_Your goal_
An exact copy of the data is required, with no pictures in it.

_Recorded information_

########

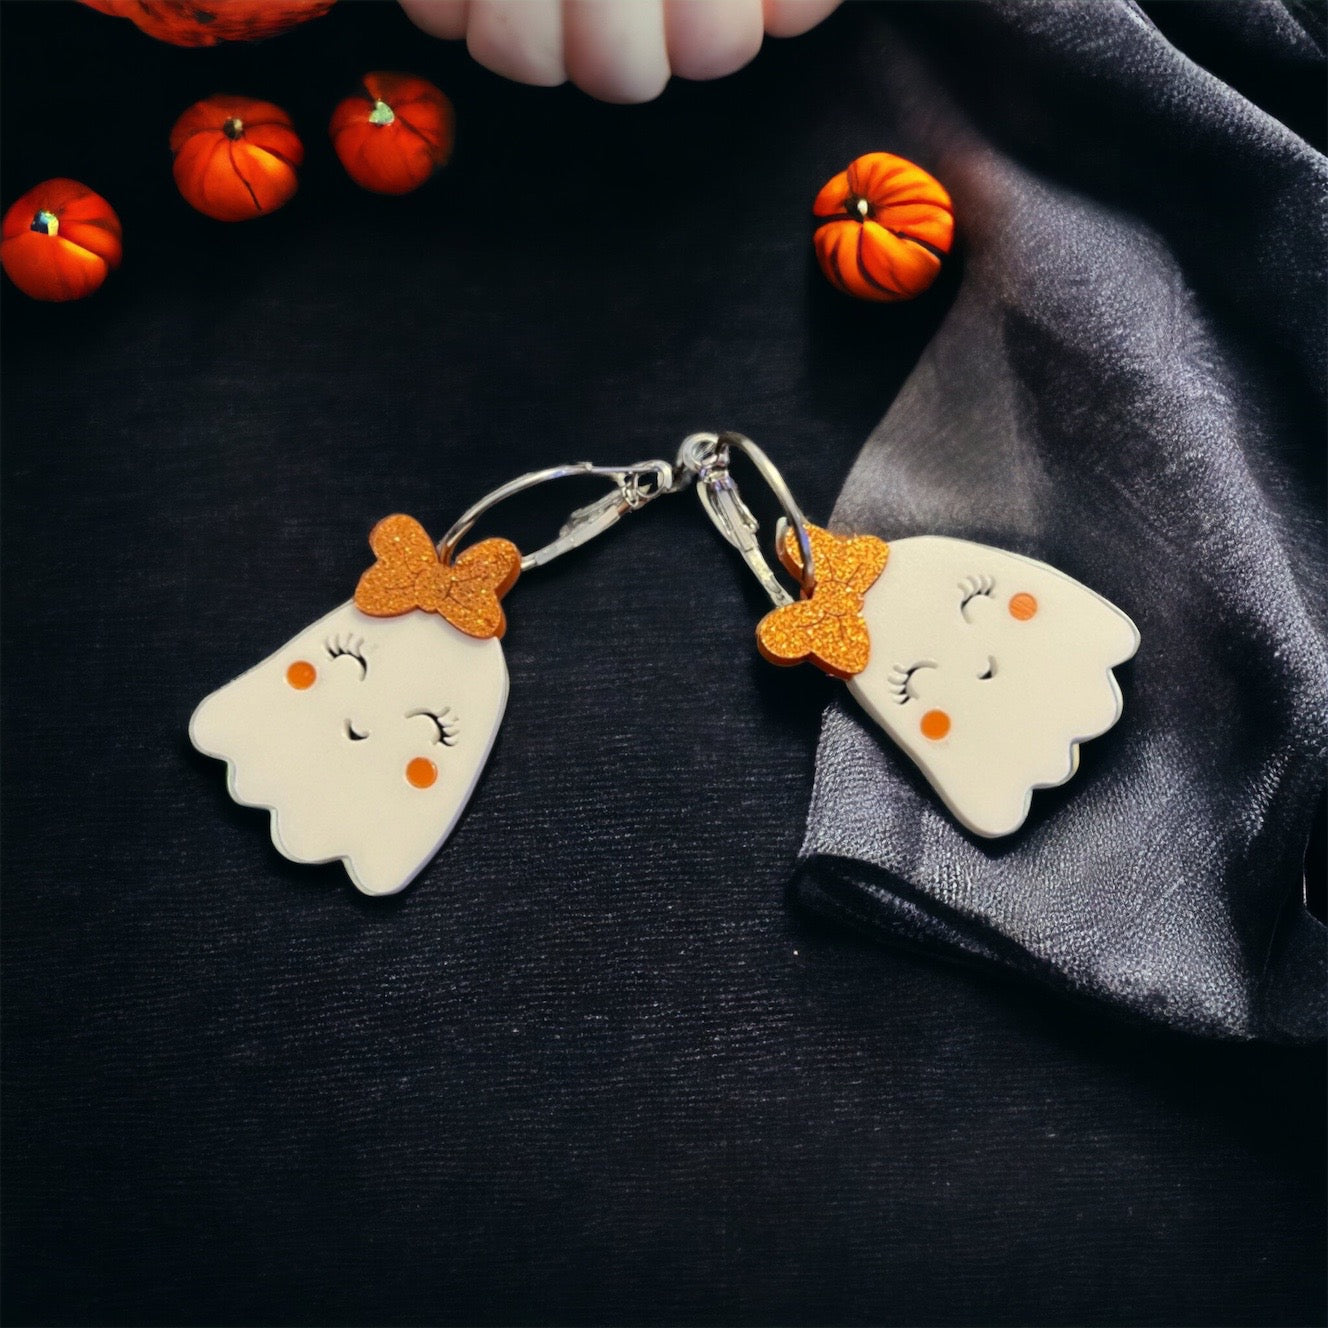 Halloween Ghost Earrings - Halloween Earrings, Ghost Jewelry, Halloween Jewelry, Cute Halloween Earrings, Pumpkin Earrings, Trick or Treat
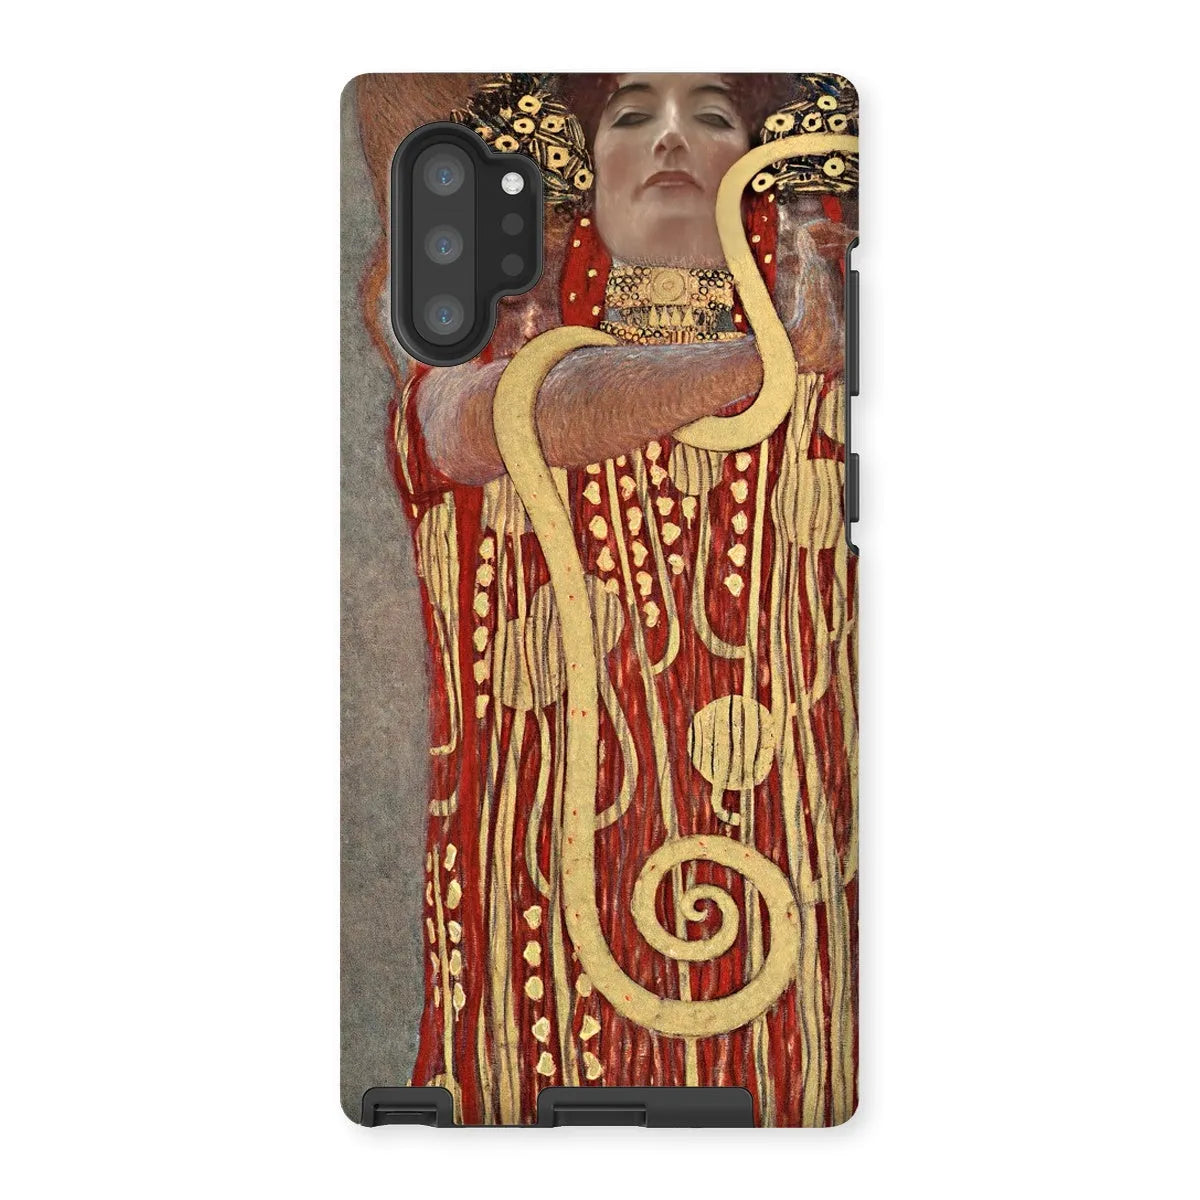 Hygieia - Vienna Succession Phone Case - Gustav Klimt - Samsung Galaxy Note 10p / Matte - Mobile Phone Cases
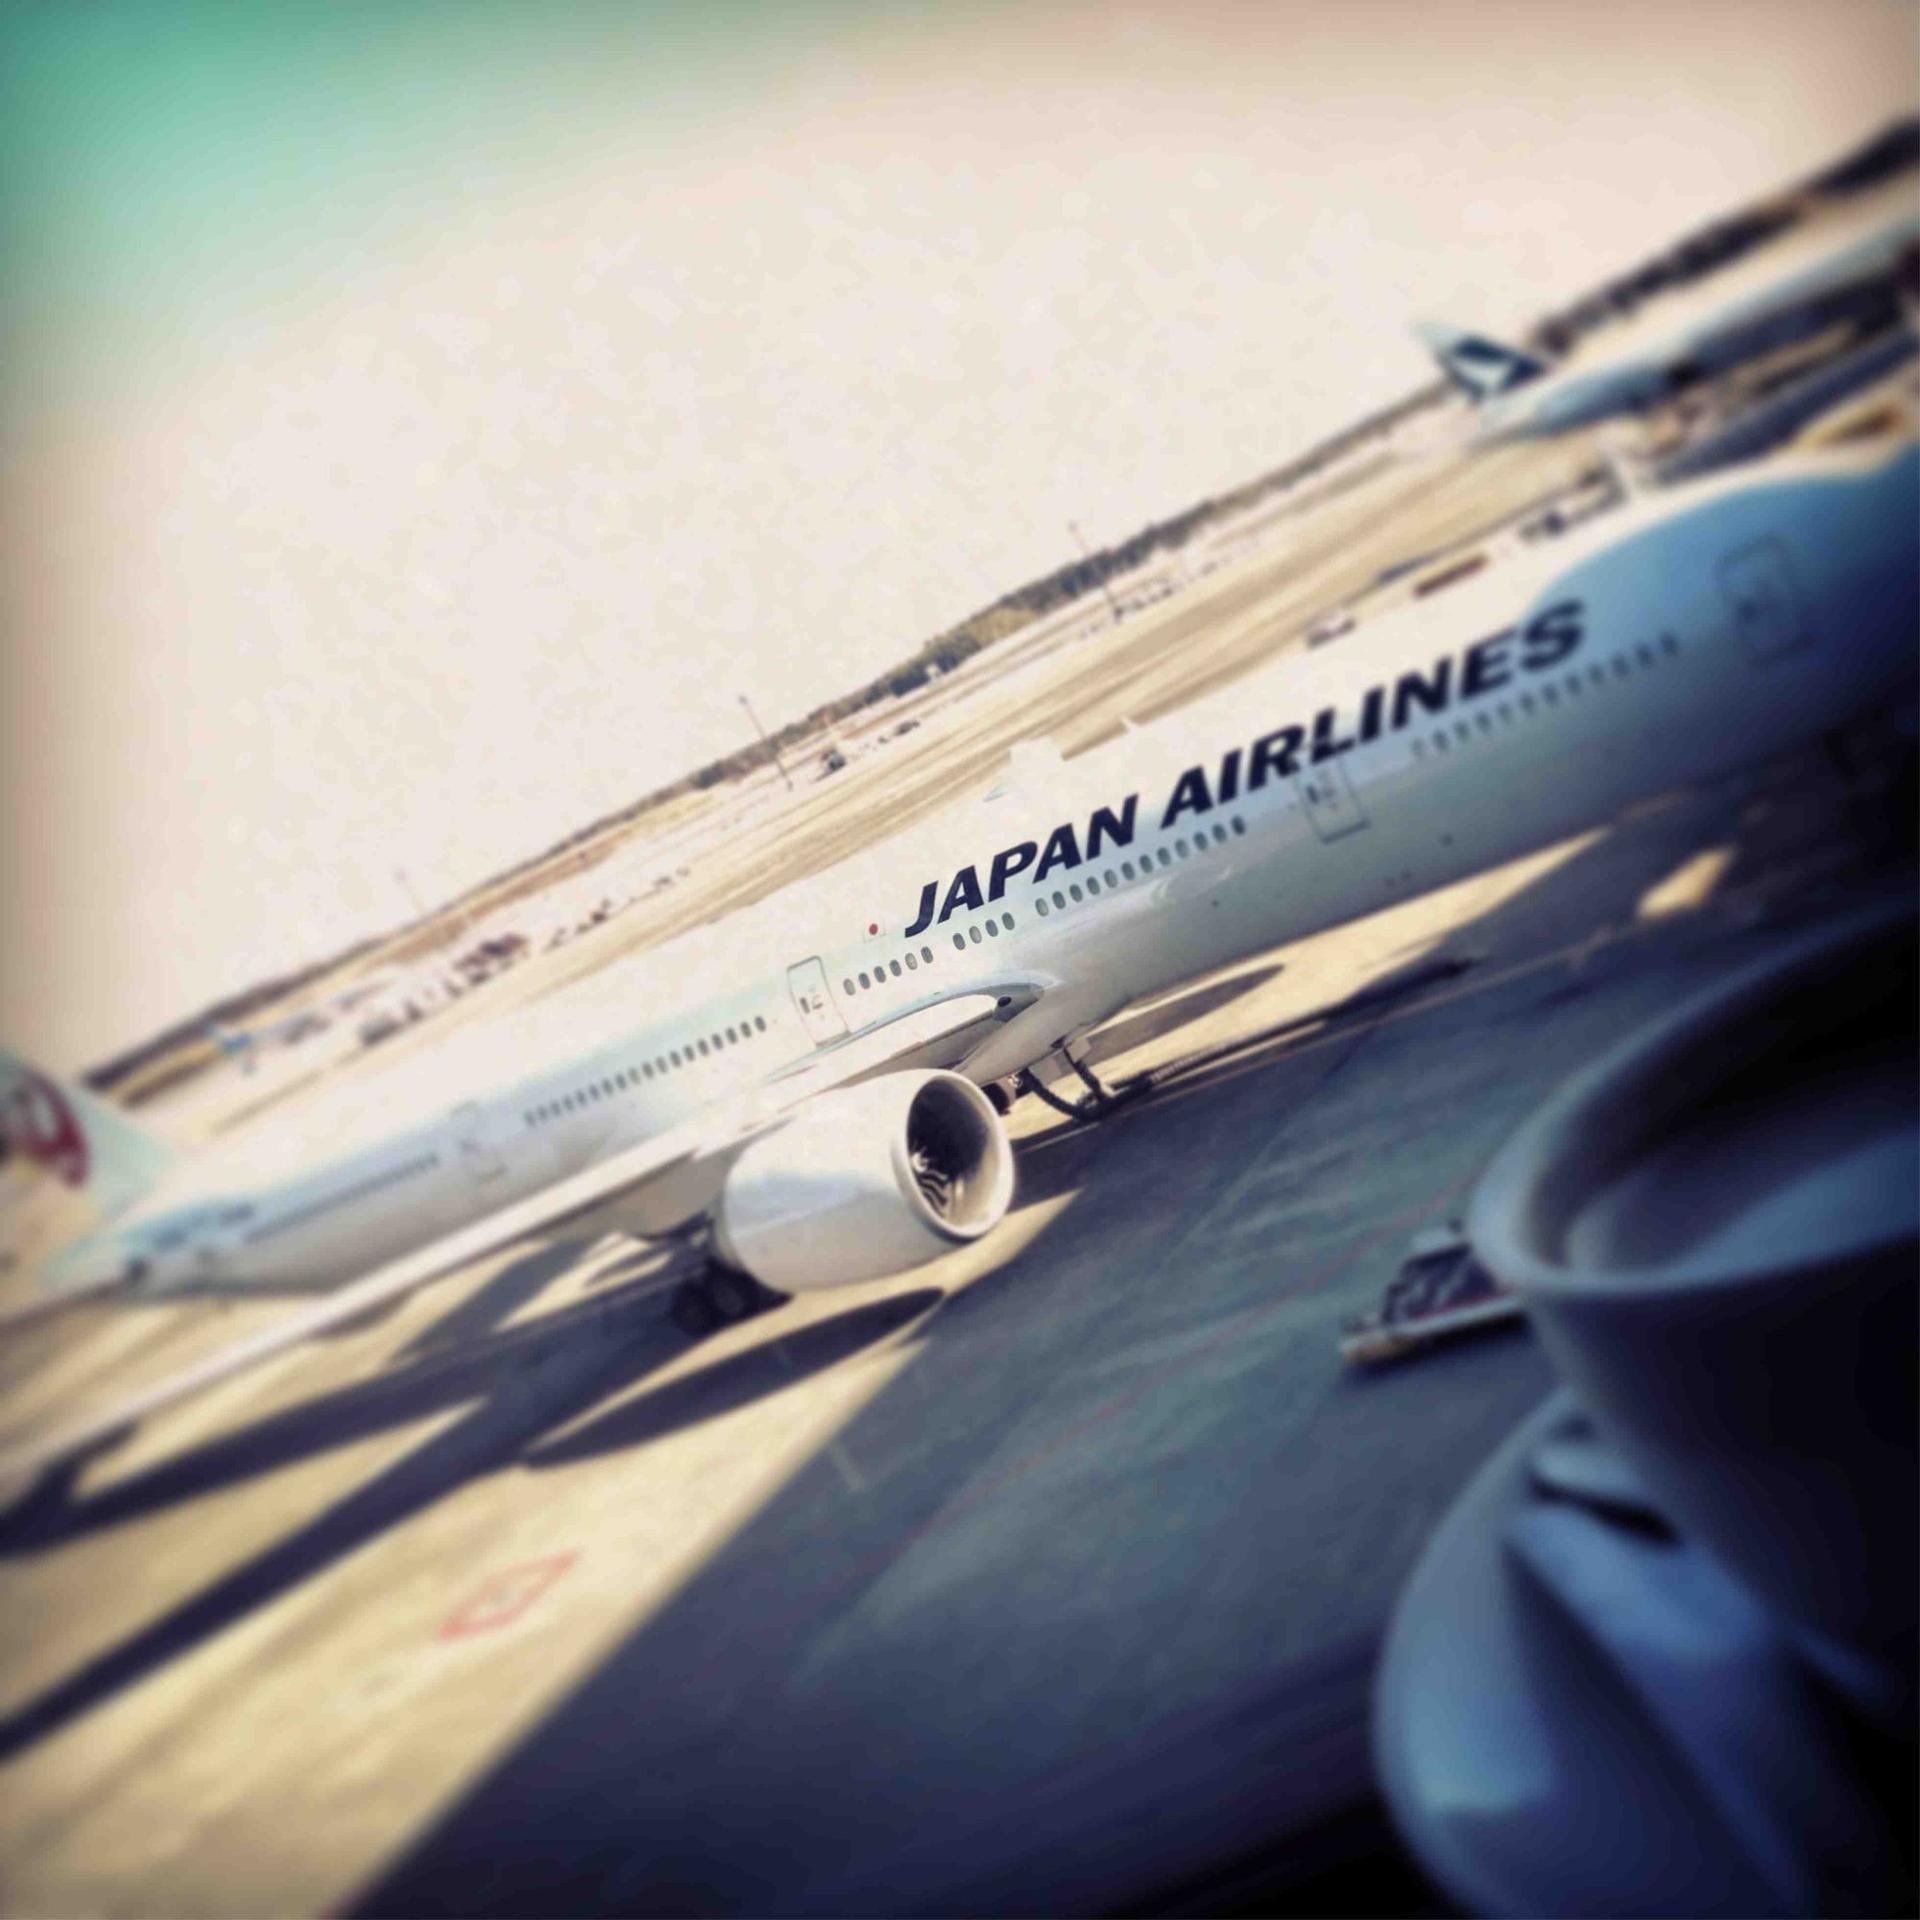 Japan Airlines JAL Sakura Lounge image 21 of 25
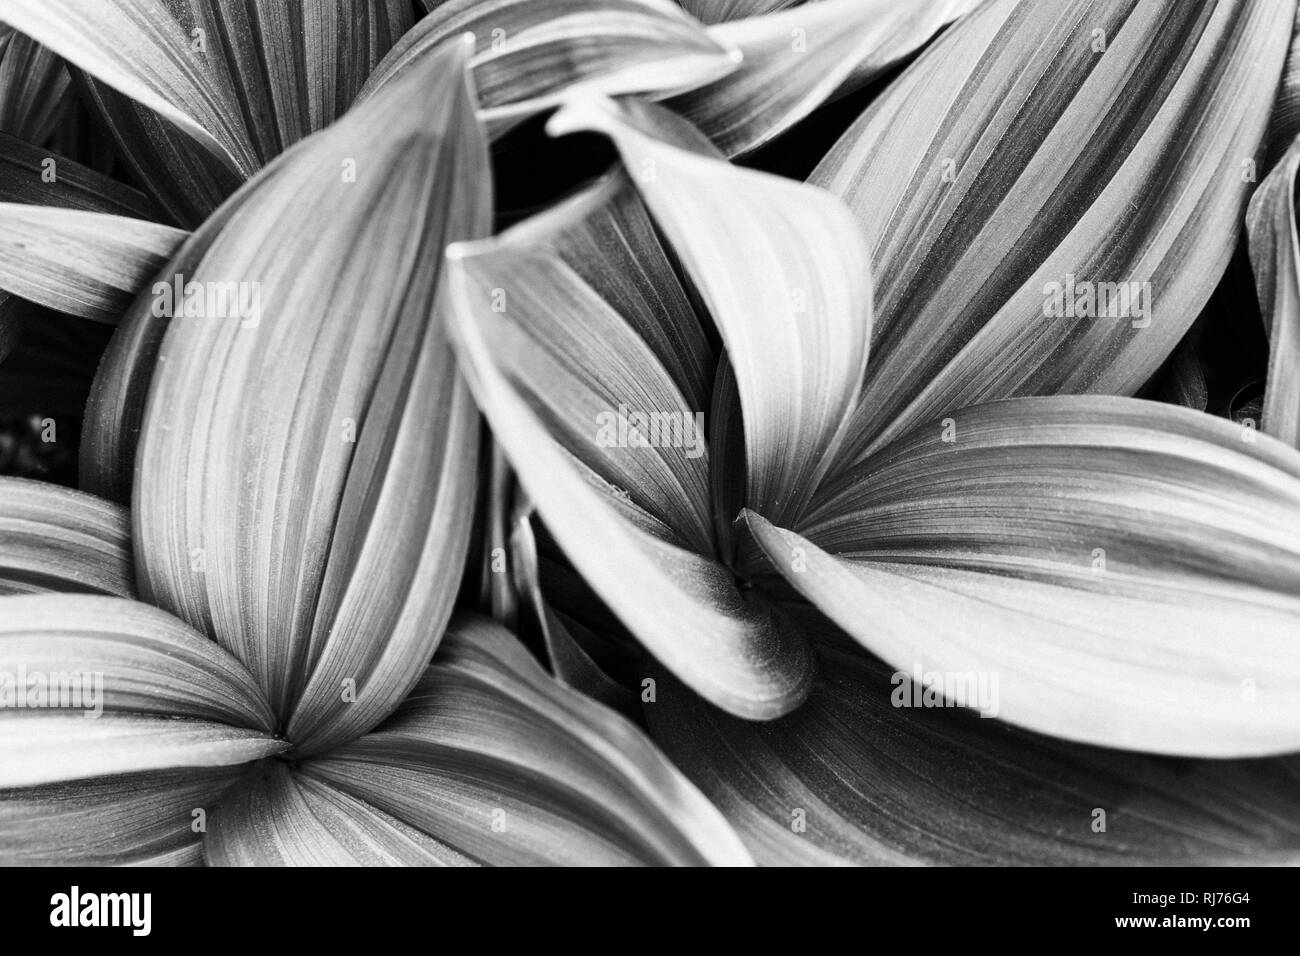 Zierpflanze, gestreifte Blätter in unterschiedlichen Graustufen, Muster, Hintergrund, Foto Stock

########

_Result of this task_
 Halloween Ghost Earrings - Halloween Earrings, Ghost Jewelry, Halloween Jewelry, Cute Halloween Earrings, Pumpkin Earrings, Trick or Treat
 Hygieia - Vienna Succession Phone Case - Gustav Klimt - Samsung Galaxy Note 10p / Matte - Mobile Phone Cases
 Japan Airlines JAL Sakura Lounge image 21 of 25
 Zierpflanze, gestreifte Blätter in unterschiedlichen Graustufen, Muster, Hintergrund, Foto Stock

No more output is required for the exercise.